Our third course of anticipated rejection is a new tune for “Blest are the Innocents” by Sylvia Dunstan. This text is about the Slaughter of the Innocents, when Herod killed every male under two in the hopes of killing Jesus, the prophesied King. So it’s no upbeat ditty, to be sure.
According to an article in Reformed Worship, Dunstan wrote the text with the 10.10.10.10 tune SLANE (“Be Thou My Vision”) in mind. The editors of Reformed Worship, who are also the editors of Faith Alive’s new hymnal, feel that SLANE’s positive associations will be in tension with the grim subject matter of the text. In the RW article they suggested using SLANE in a minor key arrangement.
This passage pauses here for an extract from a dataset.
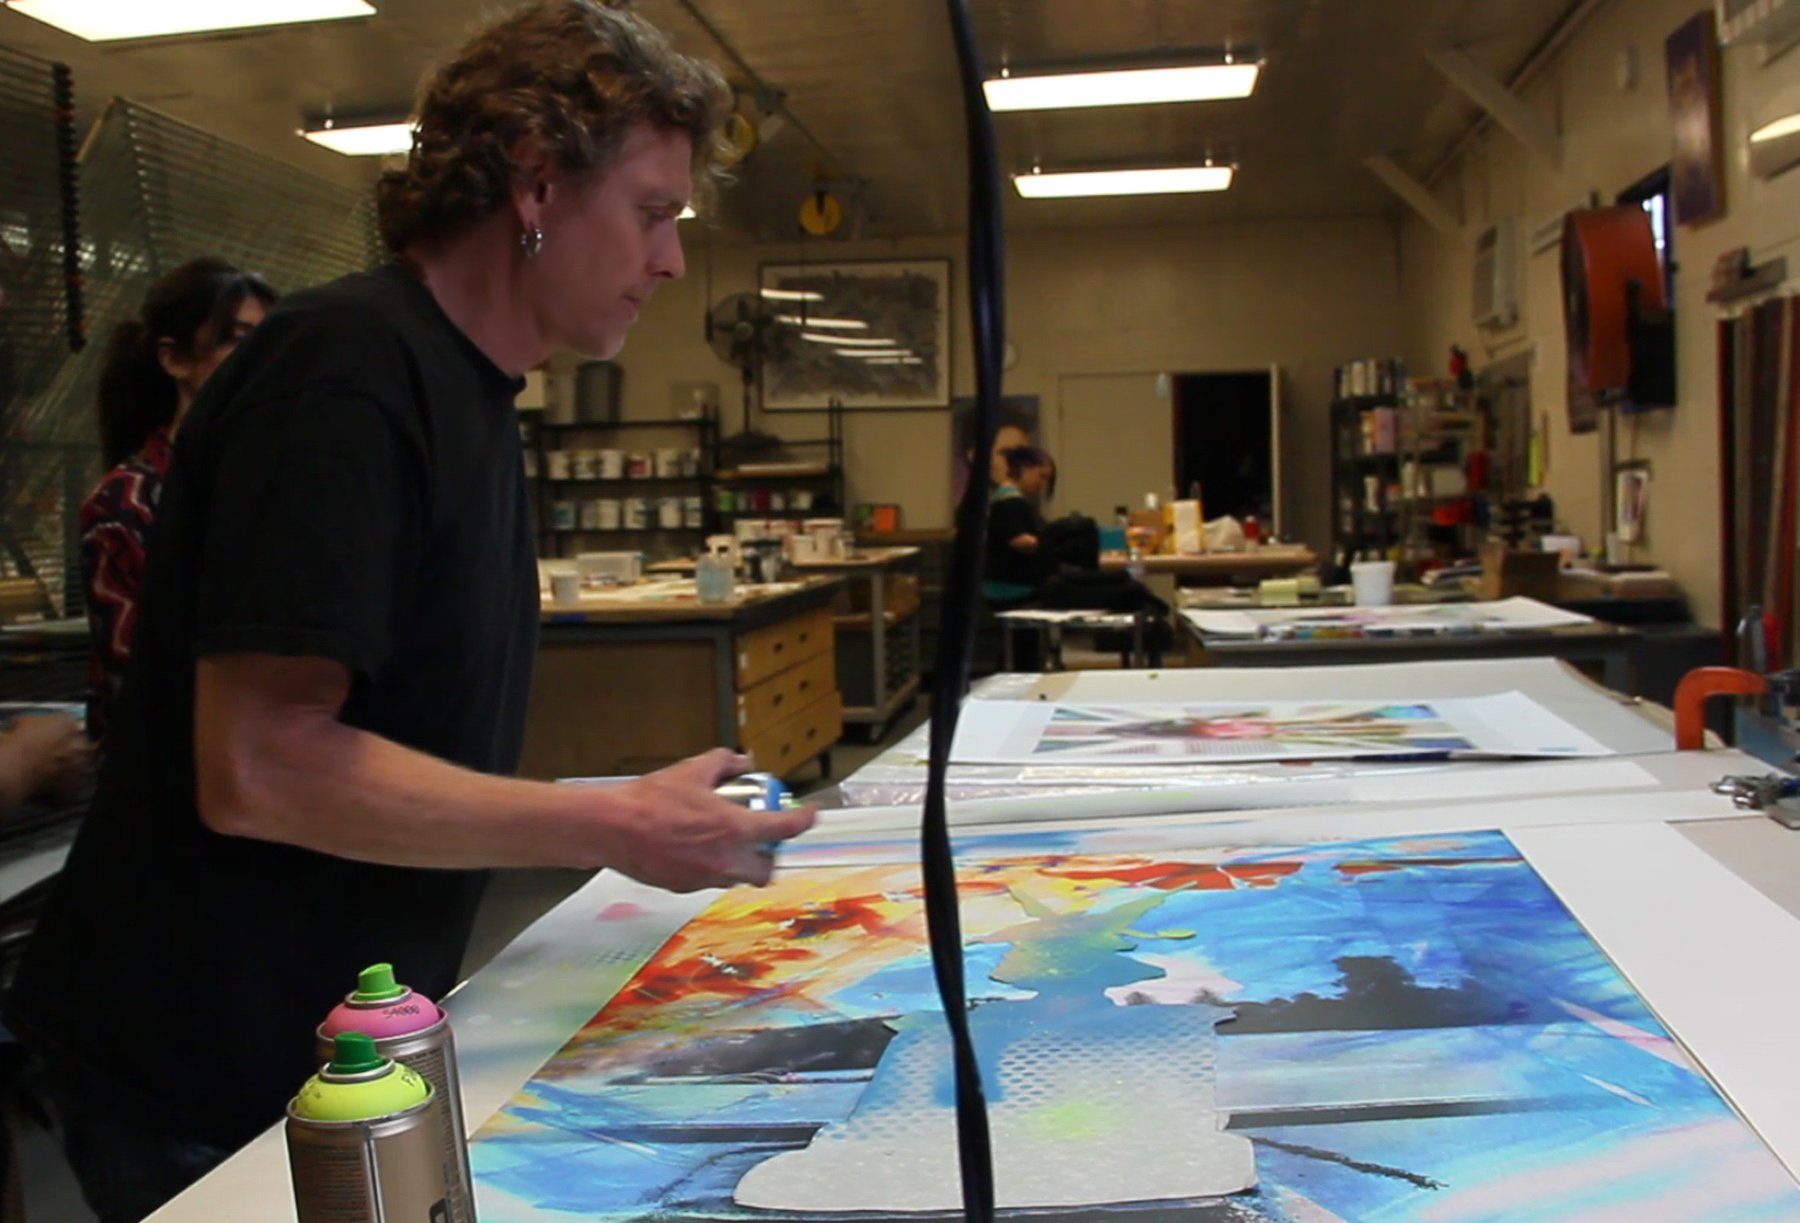 Def Leppard artist Rick Allen will be showcasing his original art work at Wentworth Gallery's McLean, Va., and Bethesda, Md. locations on Saturday, Feb. 18, 2017. (Courtesy Allison Zucker-Perelman/Relevant Communications)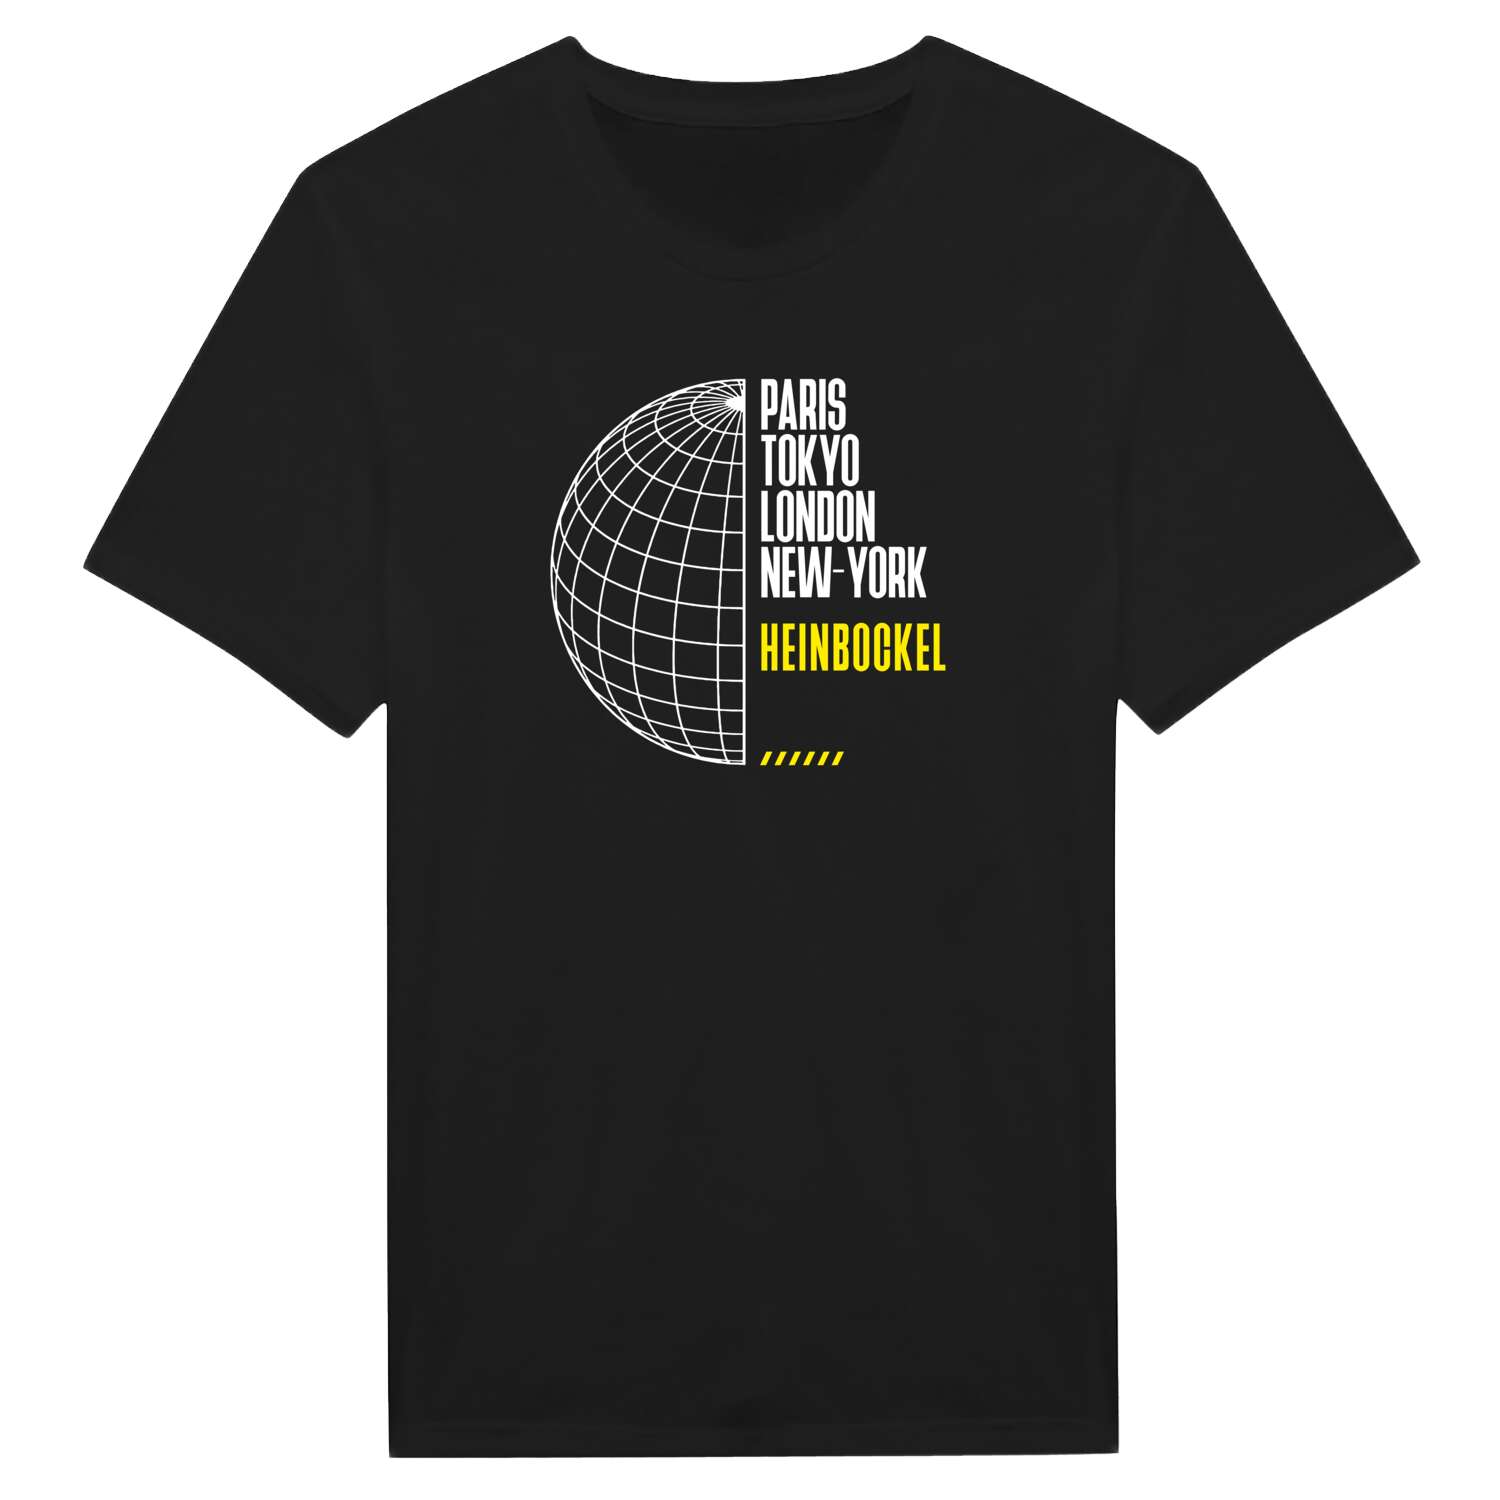 Heinbockel T-Shirt »Paris Tokyo London«

I stayed pretty close to SLANE in my new tune. It’s in C minor, which is the relative minor key to SLANE’s Eb major. It has four phrases in 3/4 time that unfold similarly to SLANE. It’s mostly pentatonic, which is what gives SLANE its folk flavor. The main difference is that I never let my melody peak on the high Eb in the third phrase. This might sound like a small deal, but pentatonic melodies are all about the shape of the line. Letting a melody slowly blossom to the highest note of the scale is a way of really making a melody soar. (Keith Getty, I know what you’re doing.) I decided that for a text of this nature, never quite reaching the melodic goal would convey the brokenness of the subject matter. It’s a subtle touch, but I think it works.